Aan de Voorzitter van de Tweede Kamer der Staten-Generaal
Den Haag, 16 december 2021
Per brief van 26 oktober jl. (Kamerstuk 30 821, nr. 155) kondigde de Minister van Justitie en Veiligheid aan, dat SZW zal bezien welke lessen
getrokken kunnen worden uit de in de brief genoemde werkwijze en in samenwerking met
maatschappelijke partners suggesties zal doen. Hiertoe is een proces ingezet waarbij
is begonnen met gesprekken met islamitische organisaties, gemeenten en betrokken ministeries.
In deze brief schets ik u de stand van zaken en het vervolg van dit proces.
Uit gesprekken met vertegenwoordigers van islamitische gemeenschappen valt in ieder
geval al op te maken dat hun vertrouwen in gemeenten en rijksoverheid een deuk heeft
opgelopen, en dat het vervolgproces vraagt om herstel van dat vertrouwen. Het proces
van het trekken van lessen plaats ik daarom nadrukkelijk in dat kader, en het zal
in samenspraak met betrokken organisaties worden vormgegeven.
Uit de eerste inventarisatie van geleerde lessen bleek ook dat sprake is van een zekere
handelingsverlegenheid van overheden ten aanzien van onderwerpen die de islam of moslims
raken. Het wordt ingewikkeld gevonden om met elkaar het goede gesprek te voeren en
te investeren in vertrouwen en een duurzame relatie.

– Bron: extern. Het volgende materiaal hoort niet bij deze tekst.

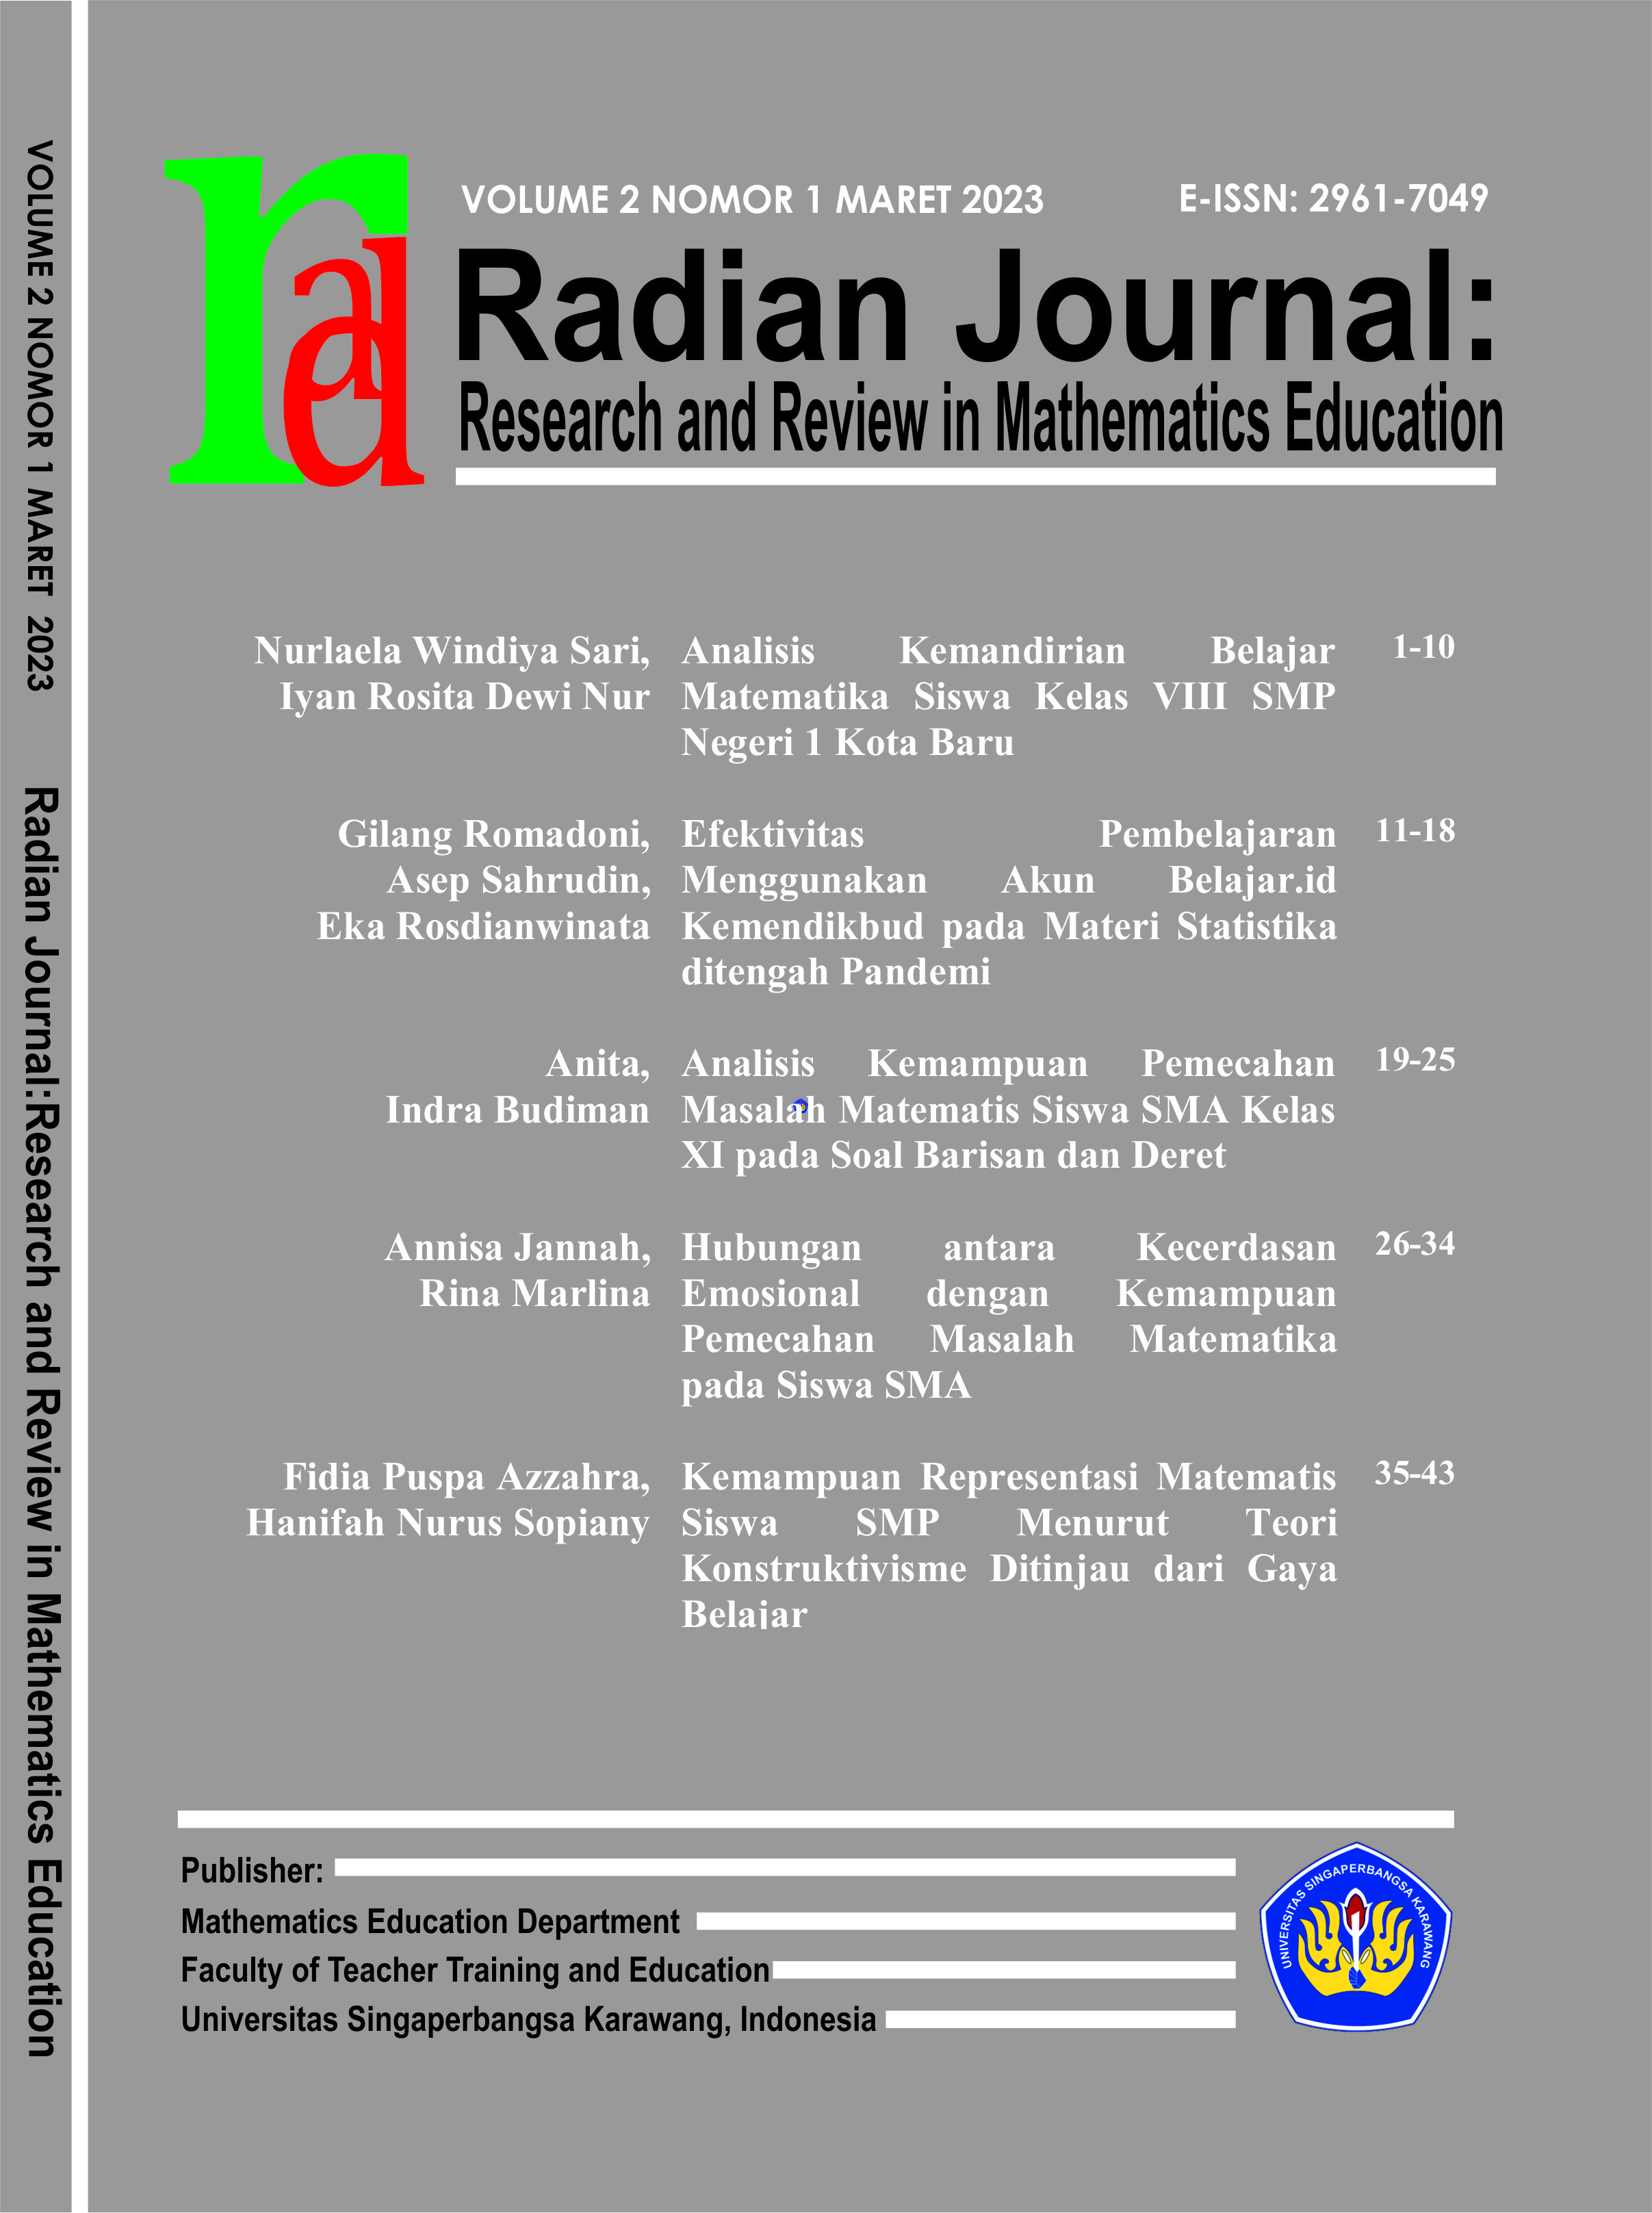 					Lihat Vol 2 No 1 (2023): Radian Journal: Research and Review in Mathematics Education

Daarbij worstelden overheden, waaronder ook het Ministerie van SZW, met de manier
waarop een genuanceerd beeld kon worden verkregen van ontwikkelingen in de moslimgemeenschap,
waardoor ook gebruik is gemaakt van een organisatie als NTA en gesprekken vanuit verschillende
invalshoeken.
De lessen op dit punt zijn reeds getrokken: ook voor beleidstaken is steeds een grondslag
nodig om verzamelde persoonsgegevens te verwerken. Hierop heeft sinds september 2020
de Taskforce Problematisch Gedrag en Ongewenste Buitenlandse Financiering zijn werkwijze
aangepast. De op deze achterhaalde wijze verkregen gegevens worden volgens de daarvoor
geldende procedures vernietigd.
Onderdeel van het vervolgproces is de vraag hoe goede en realistische beeldvorming
kan plaatsvinden, over en weer. Daarbij zou externe begeleiding behulpzaam kunnen
zijn om tot nieuwe vormen van samenwerking te komen en ook SZW de ruimte kunnen bieden
om met de andere betrokken partijen onderdeel te zijn van dit proces van reflectie
op het eigen handelen, oftewel trekken van lessen en herstel van vertrouwen.
Het kabinet hecht waarde aan goede relaties met de islamitische gemeenschappen. Het
zijn gewaardeerde samenwerkingspartners bij de ontwikkeling en uitvoering van beleid.
Bij het bevorderen van gelijke kansen, weerbaarheid en het tegengaan van discriminatie,
maar ook bij vraagstukken zoals het tegengaan van radicalisering en extremisme en
het tegengaan van polarisatie.
Het proces dat SZW is gestart rond het trekken van lessen wordt vervolgd, gericht
op herstel van vertrouwen. Op korte termijn wordt vanuit en namens het kabinet het
gesprek met de betrokken organisaties vervolgd, waarbij ook wordt besproken of een
externe partij geobjectiveerde begeleiding en reflectie zou kunnen bieden. In het
voorjaar van 2022 informeer ik u opnieuw over de stand van zaken van dit proces.